Toda mulher tem essas três “essências femininas” indeléveis dentro de si. Algumas tentam negar, outras escondem, pintam de vermelho, azul, mas não tem jeito: estão sempre ali, se revelando por entre as frestas das suas personalidades. São os elementos componentes da alma feminina ideal. E, eventualmente, elas cumprirão os três papéis em momentos distintos na sua vida.
Tá certo que os homens também têm “essências masculinas” dentro de si, mas como esse é um campo de estudo que muito me desagrada, nunca quis catalogar ou esmiuçar o assunto.
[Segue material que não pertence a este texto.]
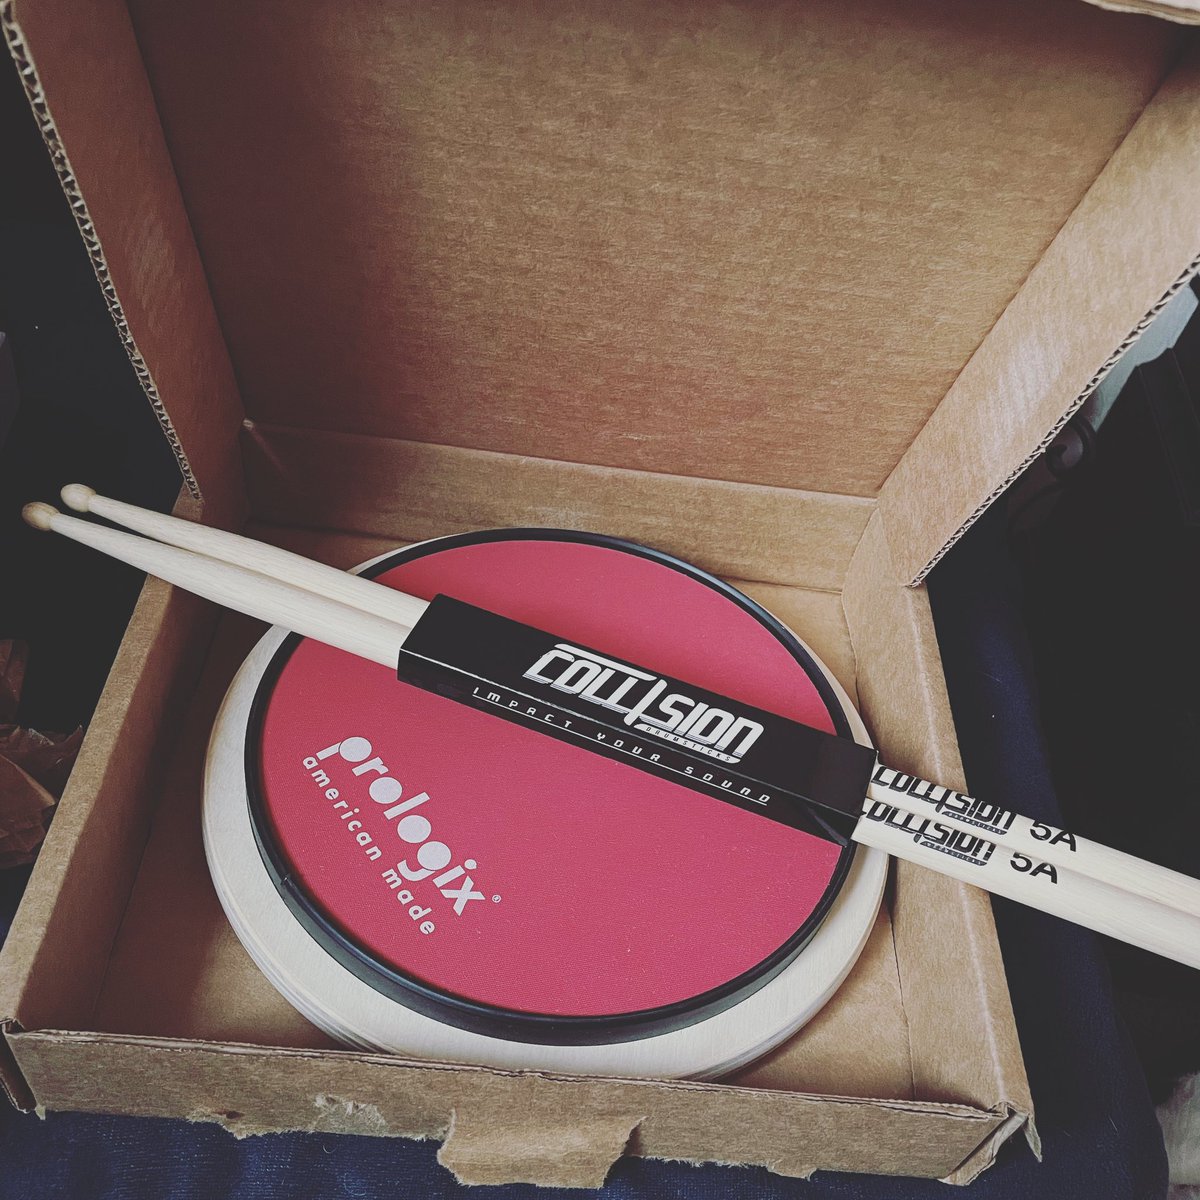 Time to get some practice with the best products @CollisionSticks @prologixpads 🥁❤️ #drummer #musician #Practice #rudiments #drumpractice

Deixo a tarefa para as mulheres do mundo, que têm mais talento e oportunidade para trabalhar o assunto do que eu.
A primeira faceta que pretendo “desenvolver” aqui é a da Musa. Em seguida, nas semanas subseqüentes, tratarei da Mãe (ou Matrona, ou Bruxavéia, ou Nhástácia) e a da Puta (ou Meretriz, ou Virgem, como queiram chamar).
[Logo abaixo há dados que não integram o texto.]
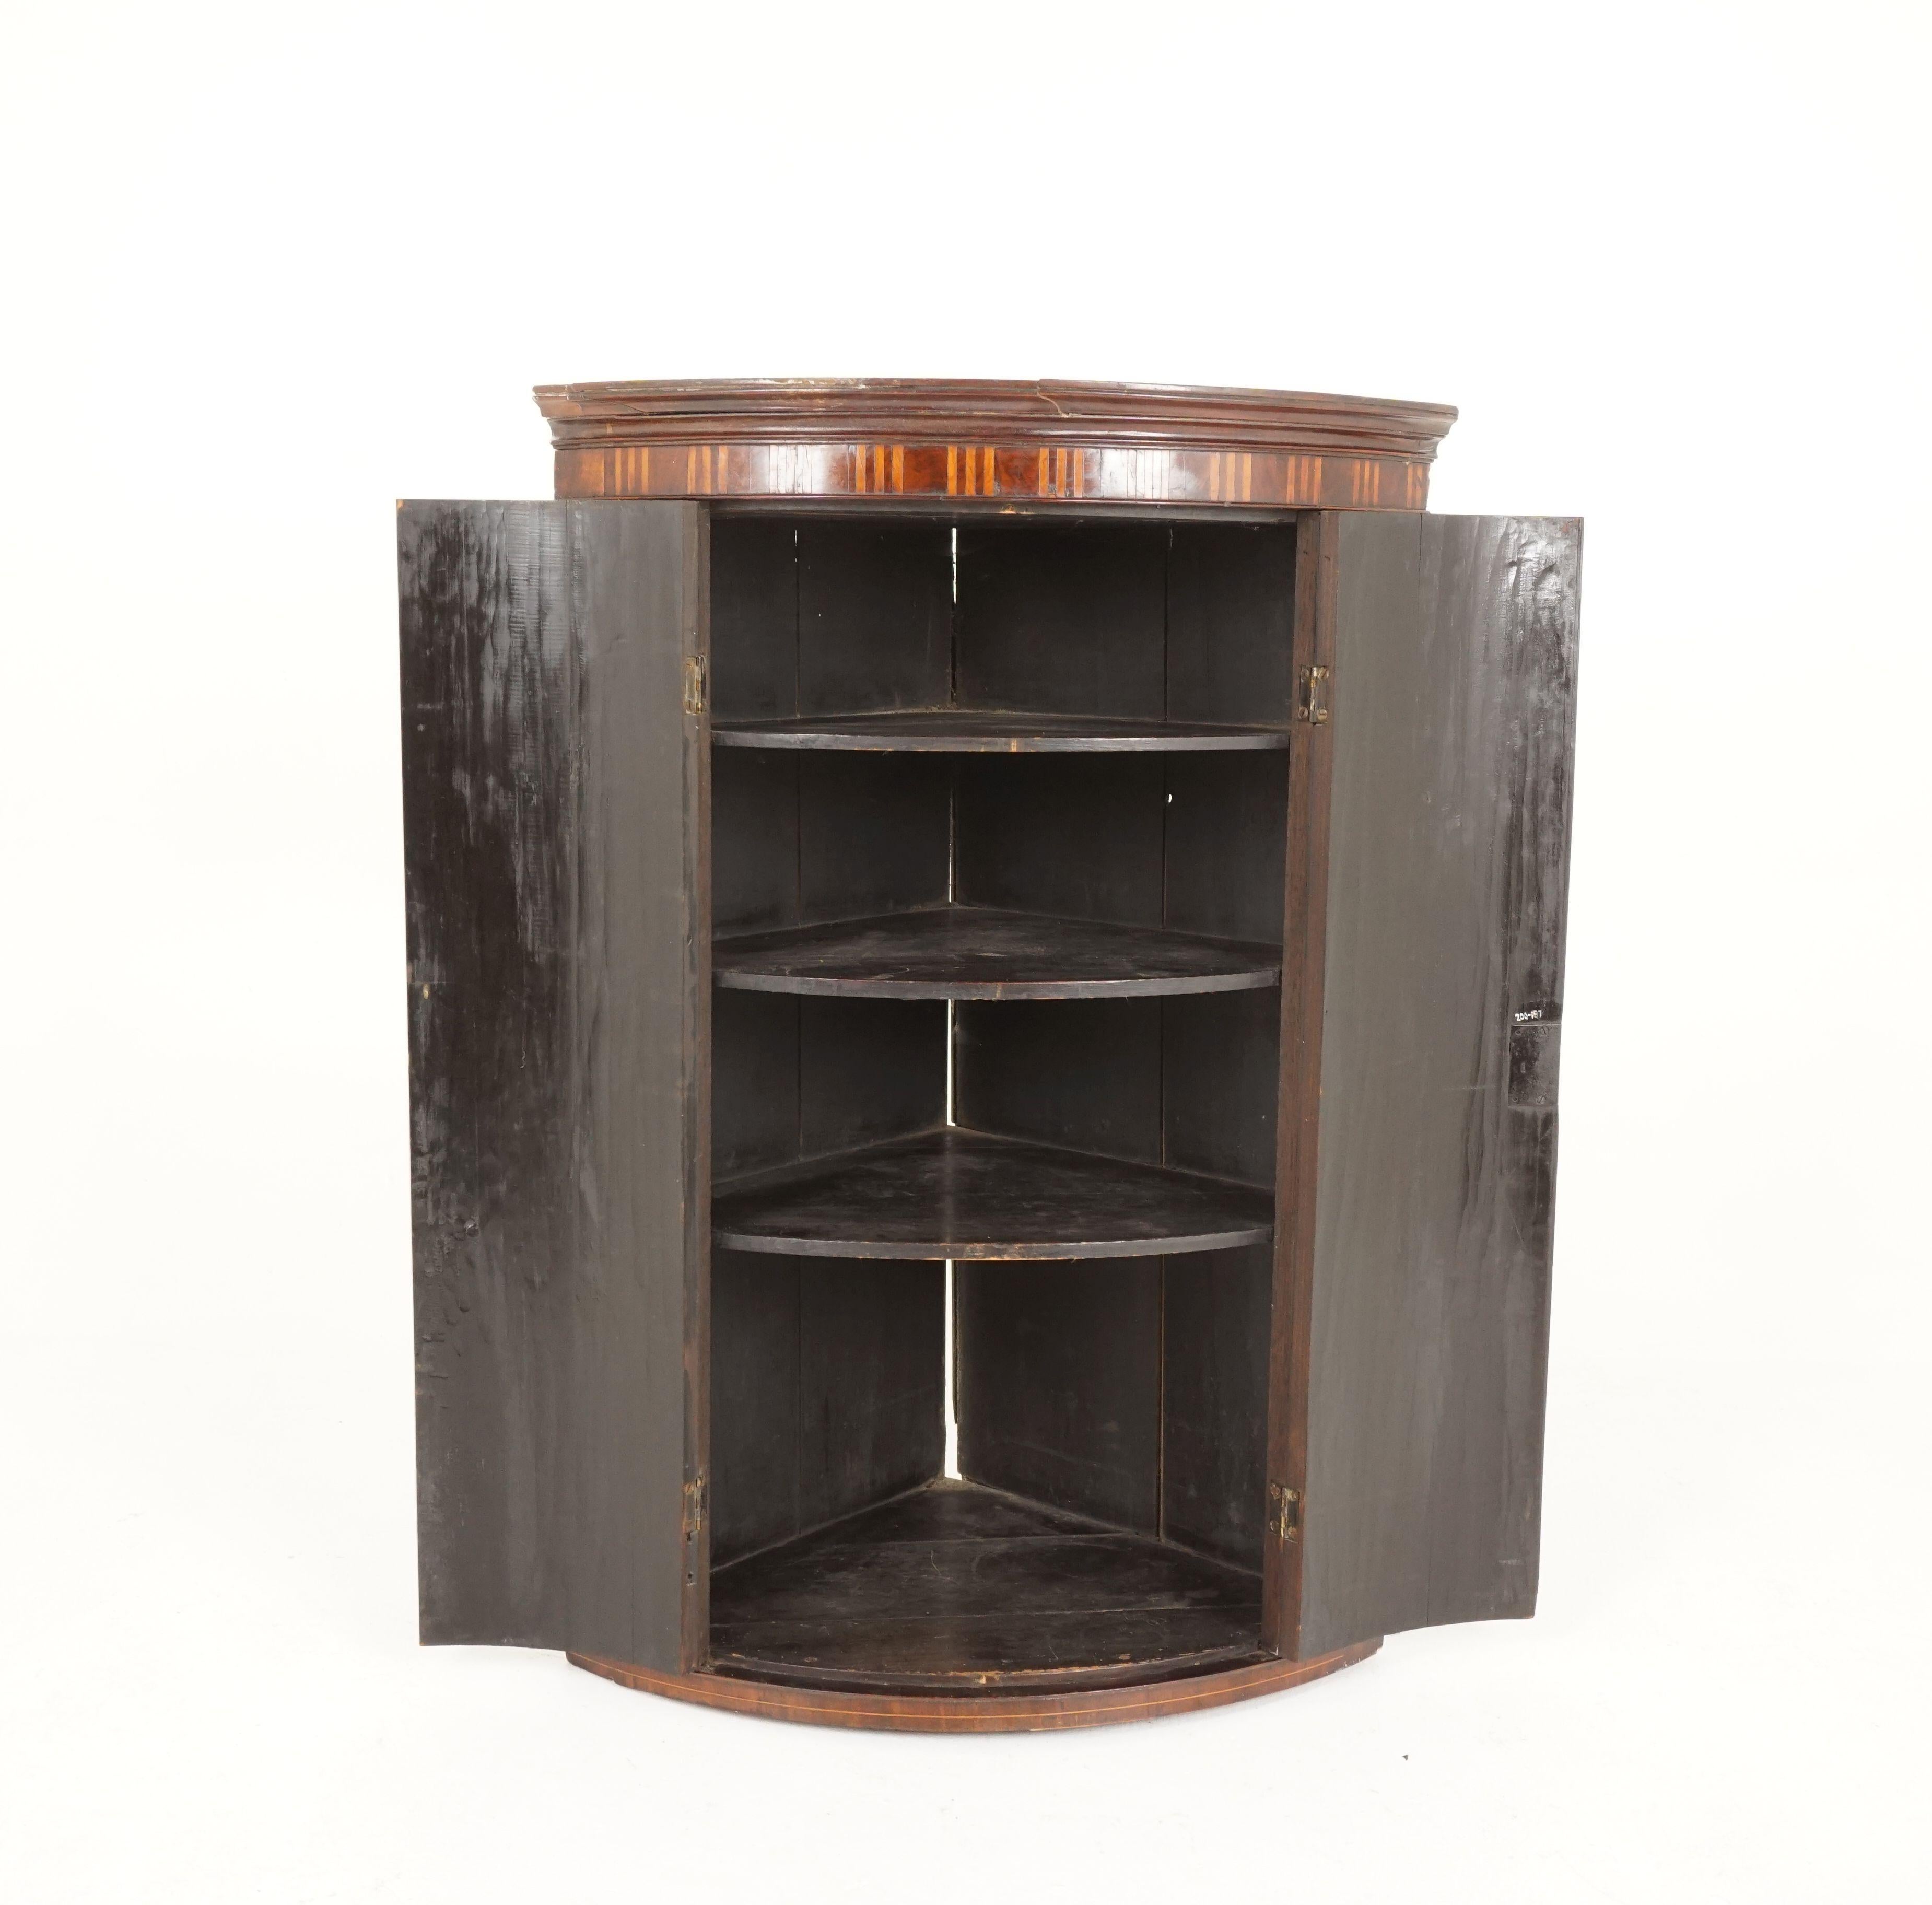 Antique hanging corner cabinet, inlaid Walnut, bow front, Scotland 1810, H138

Scotland, 1810
Solid Walnut and veneer
Original finish
Moulded cornice with an inlaid frieze
With fans and chevron border to the front and sides
Three internal

Na minha experiência de vida enquanto nerd platônico, desenvolvi uma metodologia razoavelmente detalhada para identificar as musas no meio da multidão de fêmeas que orbitavam os espaços de convivência coletivos (praia, playgrounds, boates, colégio, universidade, etc.) e aqui listo os principais indícios de presença de musas.
A saber, uma musa:
- não precisa ser bonita, mas é desejável que não seja feia;
- não precisa ser inteligente ou burra, mas tem de ser inspiradora, afinal de contas ela vai ser o motivo pelo qual o admirador vai viver;
- não precisa ter relação carnal com o admirador, mas se quiser “liberar” para ele, melhor;
- não precisa ser velha ou jovem, mas a eternidade precisa brilhar nos seus olhos;
- não precisa ter bom gosto ou ser fashion, mas precisa ter estilo, ainda que meio torto;
- não precisa estar viva, mas tem de fazer a vida um pouco menos miserável;
- precisa saber cativar o admirador, ou desprezá-lo miseravelmente;
- precisa ter um élan próprio, único, mas não precisa ser 100% original.
Uma musa, enfim, precisa apenas estar lá, à disposição do admirador. Em algum instante de sua vida, por mais miserável ou medíocre que ela possa ser, toda mulher desperta um brilho em um admirador, transformando aquele momento singelo em algo que ele vai carregar consigo até a hora da morte.
Ela pode até nunca descobrir isso (essas são as melhores: as musas ignaras), mas ela sempre será lembrada por alguém. Seja pelo menino do sétimo andar que via a amiga da babá se trocando pela janela interna do prédio, ou pelo vizinho do 403, que a escutava cantando a música da vida dele, seja pelo ascensorista que se encantou pelo seu perfume ou pelo pedinte que encontra na senhora que lhe dá esmola com sorriso um canto de lucidez e humanidade.
Não tem diferença: mulher, tu és musa.